かつて、「一体自分のやりたい仕事とはなんだろう」と考えたことがあります。そんなことを考え出したのは、30歳になるちょっと前だったと思います。もちろん、その前にも少し考えたことはあったのですが、それほど深く考えることもなく、何となく就職し、何となく働いていました。

それが、そろそろ30歳という頃になって、急に「一体自分にはどんな仕事が向いているのだろう」とか、「自分のやりたいことってなんだろう」って考え出したのです。

でも、そのときは正直いってよく分かりませんでした。かといって、積極的に行動するわけでもなく、気になりながらも、ただ何となく毎日を過ごしていました。

そんなとき、ひょんなことから、経営について学ぼうと思い、中小企業診断士の資格をとろうと勉強しはじめましたのです。結局、それが発端となって、今ではコンサルタントとして独立し、会社まで作ってしまいました。

私のやりたいことは、経営コンサルタントだったのです。

でも、中小企業診断士の資格を取ろうと思い立った時点では、ここまで考えていたわけではありません。
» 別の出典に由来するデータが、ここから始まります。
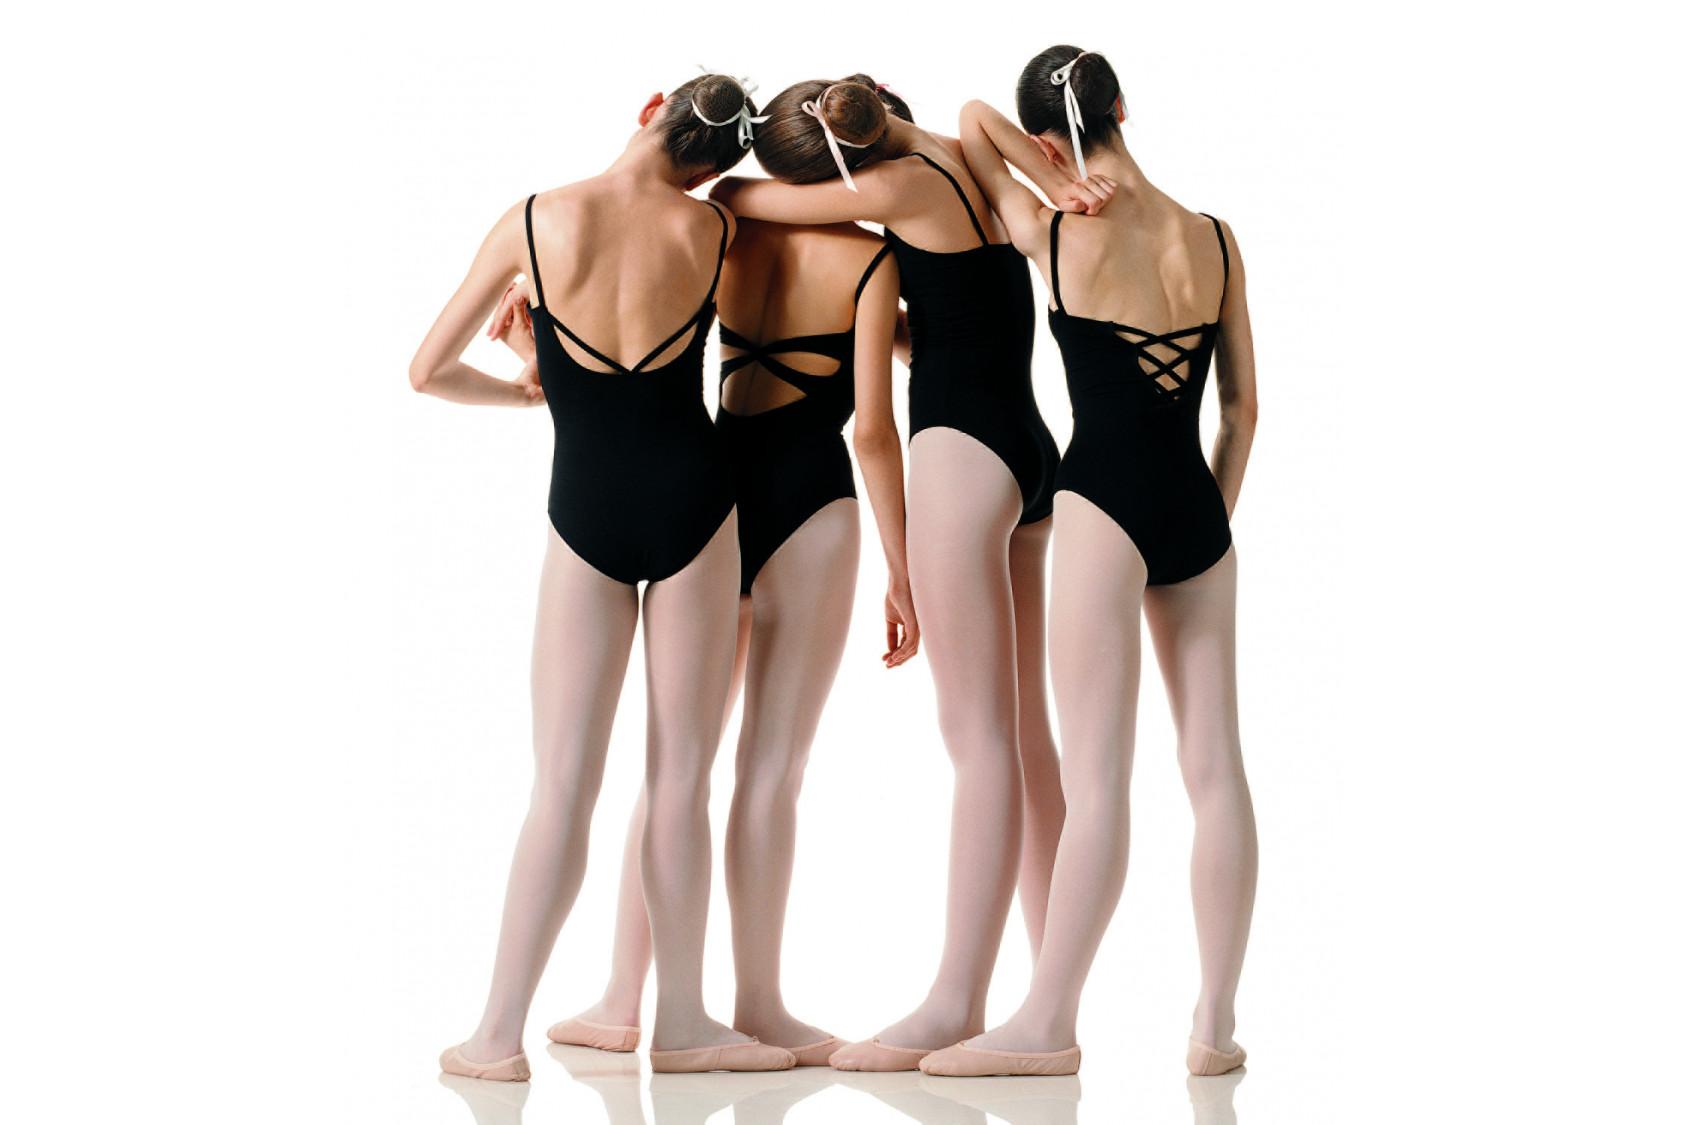 Justaucorps et tuniques pour femme - Articles de danse classique

資格を取ろうと思ったのは、そのころいた会社で役に立つだろうと思ったからで、決して、コンサルタントを目指そうと思ったわけではないのです。

このあたりの話は、スタンフォード大学のクランボルツ教授の「計画された偶発性理論」にぴったりで、この理論を知ったときには、まさに自分のことだと思いました。(この理論については、また別の機会に書きたいと思います)要するに、別に自分のやりたい仕事を見つけるために中小企業診断士の資格取得を目指したわけではないのですが、それが今となっては、コンサルタントを目指すための計画された行動のように見えるということです。

このような自分の経験から思うことは、自分探しをするためにあちこち動き回るのは意味がないということです。意味がないというのは言い過ぎかもしれませんが、表面的な関わりだけであっちこっち行ってみても、本当に自分のやりたいことに出会うことはないということです。

やはり重要なのは、何か一つのことに深く入り込むこと。何でも良いから、その道を深堀りしていくと、何かが見えてくるということです。石の上にも3年などといいますが、入社してすぐに「これは自分のやりたい仕事ではない」と決めつけてしまうのは早計で、何も分かっていないうちに結論を出しているということになるでしょう。

仕事柄、多くの方と面談することがあるのですが、よくあるのは、「最初はやりたくなかったけど、やってみたら面白かった」といって、今ではその道のスペシャリストになっているというパターンです。

人は、自分が思っている程自分のことを分かっているわけではなく、意外なところに自分のやりたいことがあったりします。それは、自分の内面に眠っているものなので、フラフラと探し回っても見つかるようなものではありません。それを呼び起こすためには、物事に深く関わっていく必要があります。

自分の内面に向かいあう方法はいろいろあります。でも、もっとも手っ取り早いのは、目の前の仕事に打ち込むこと。とりあえず、目の前の仕事を深堀りしていくことが、自分探しの第一歩といえるのではないかと思います。